**Exercise data**.
=== Section Start ===
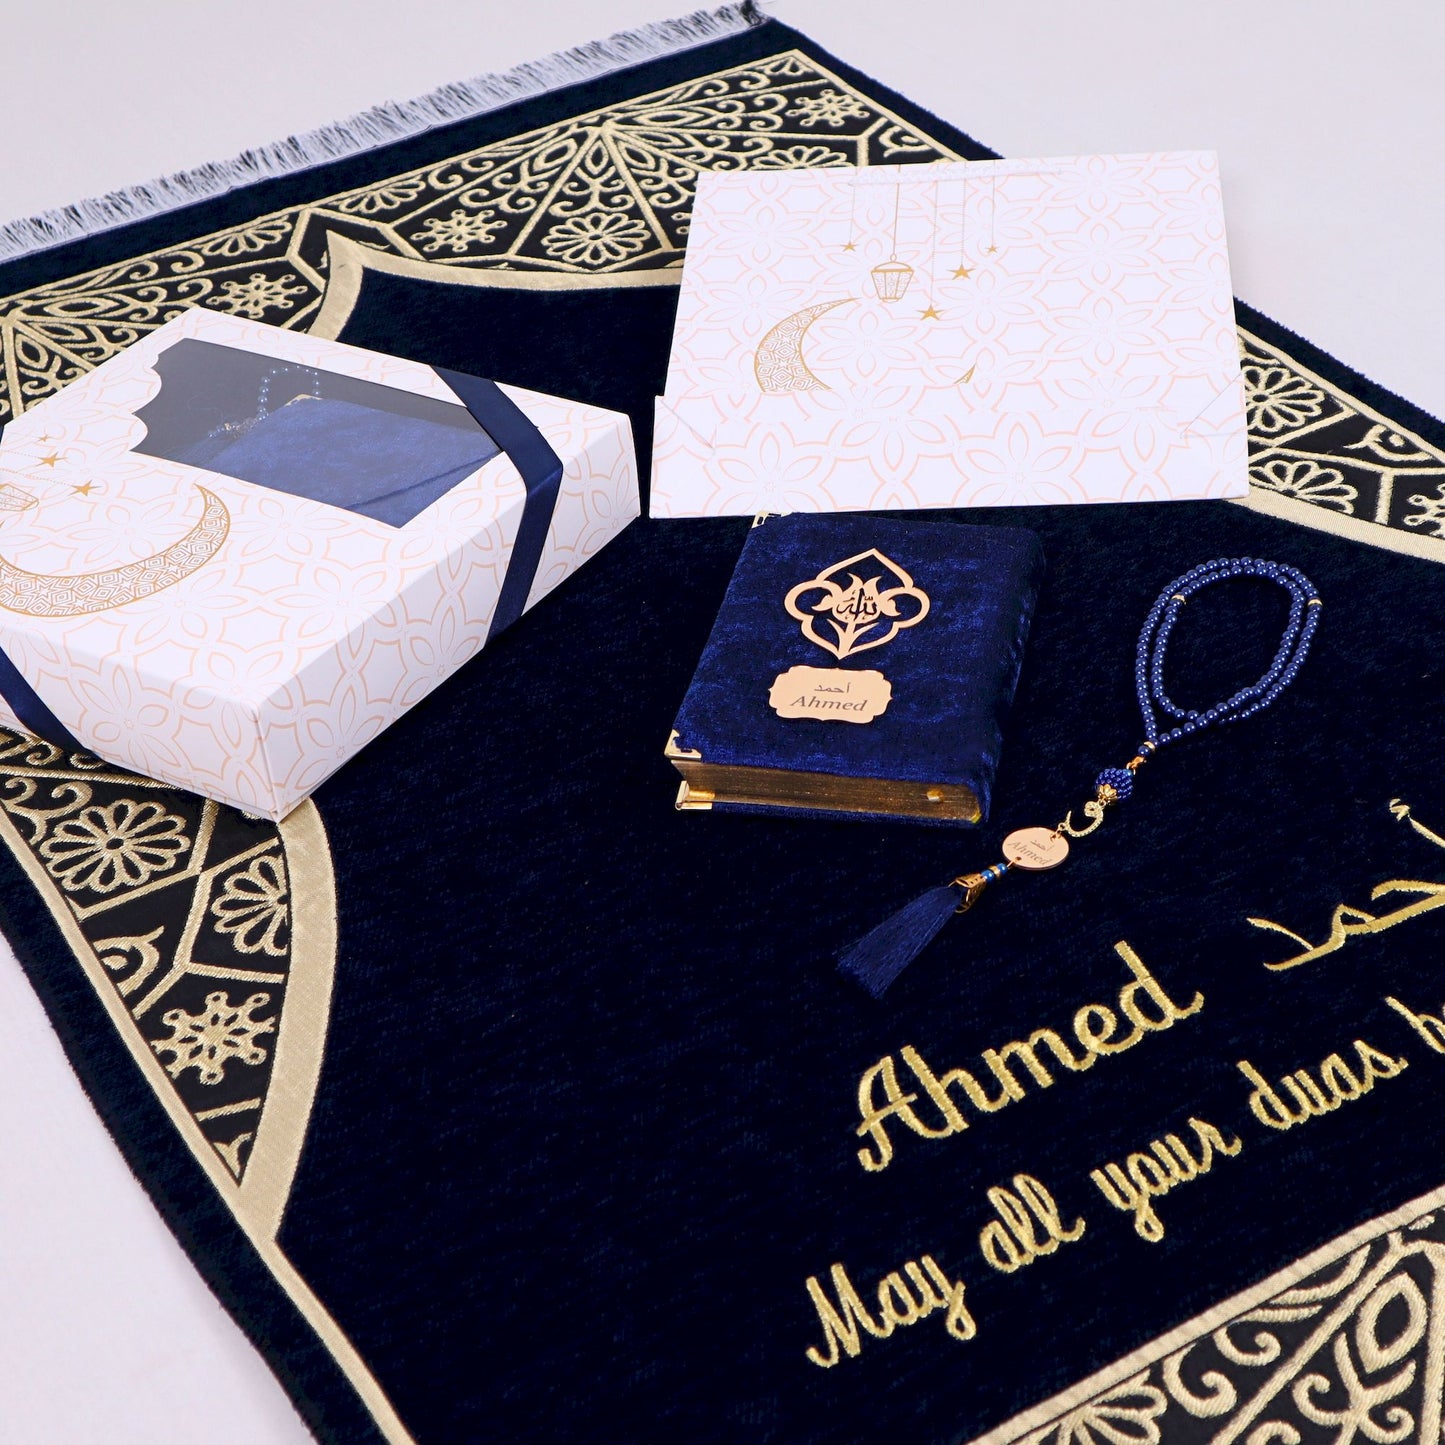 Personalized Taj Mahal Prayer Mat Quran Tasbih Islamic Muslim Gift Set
=== Section End ===
=== Section Start ===
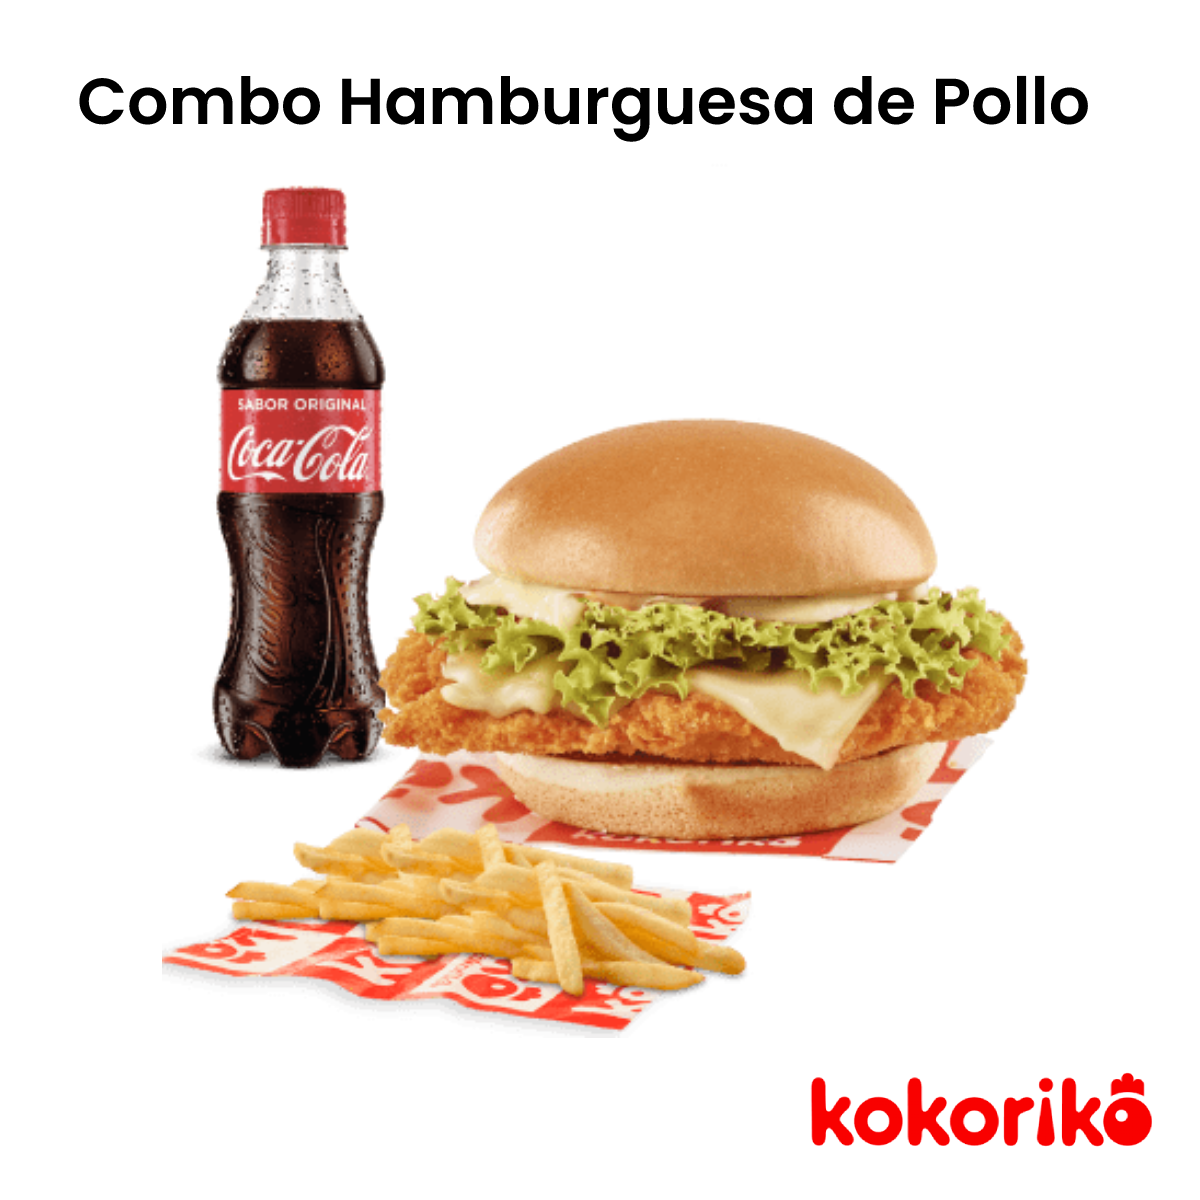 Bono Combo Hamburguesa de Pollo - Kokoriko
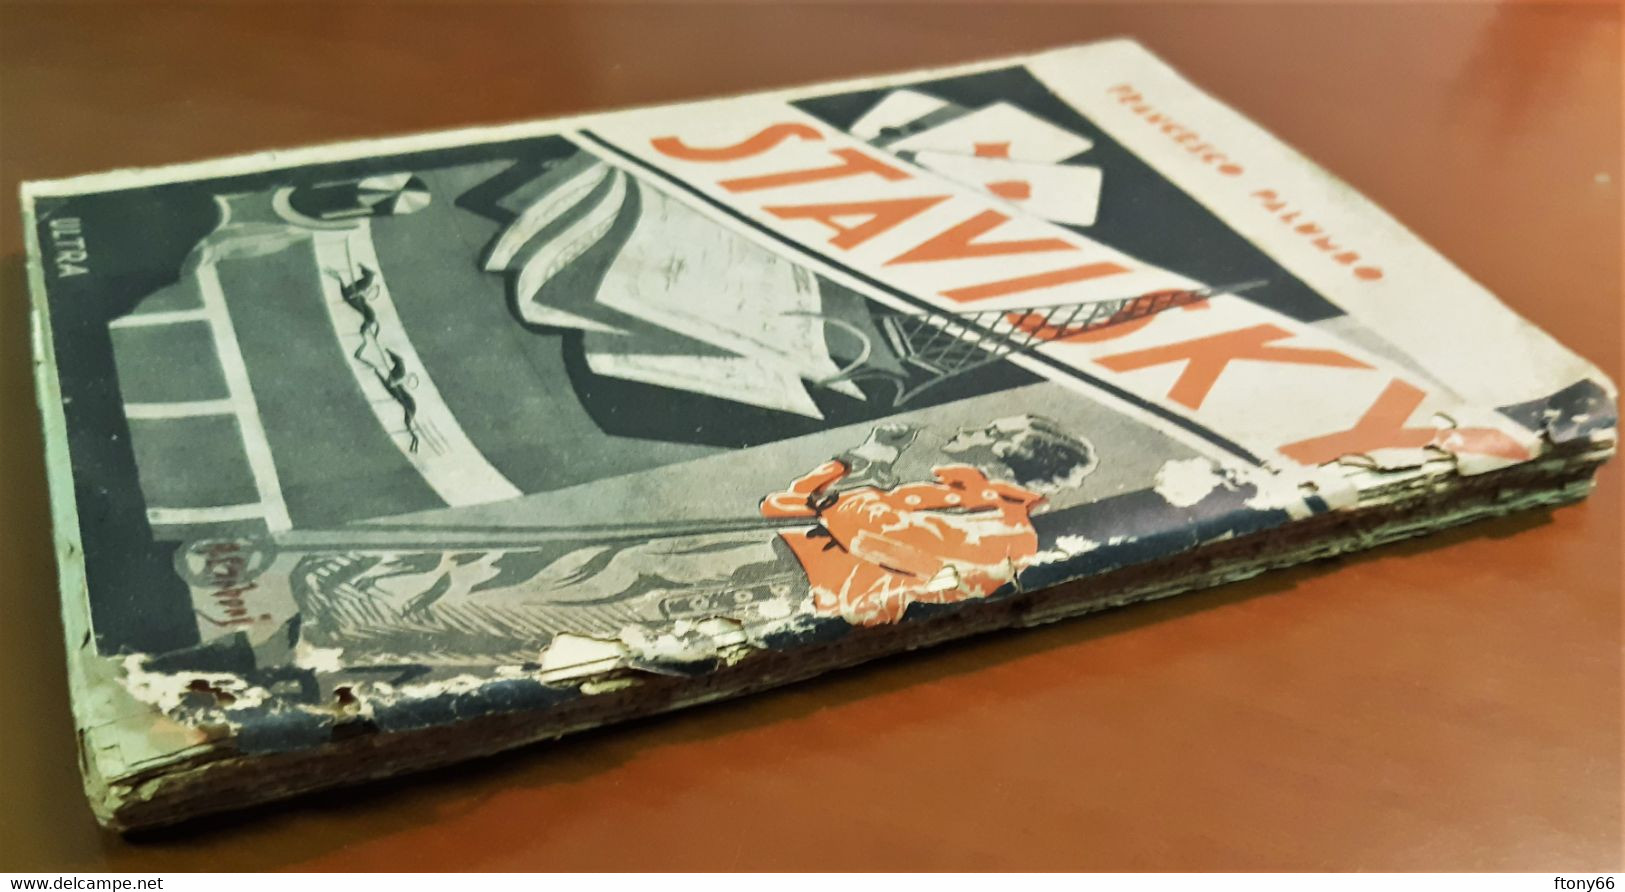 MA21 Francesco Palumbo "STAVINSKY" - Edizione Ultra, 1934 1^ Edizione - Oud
=== Section End ===
**Description of the task**.
Would you give again, exactly, the lines in the data above that run from the line containing "Bono Combo Hamburguesa de Pollo - Kokoriko" to the line containing "MA21 Francesco Palumbo"? Include both ends and no pictures.

**Solution to the exercise**.
 Bono Combo Hamburguesa de Pollo - Kokoriko
 MA21 Francesco Palumbo "STAVINSKY" - Edizione Ultra, 1934 1^ Edizione - Oud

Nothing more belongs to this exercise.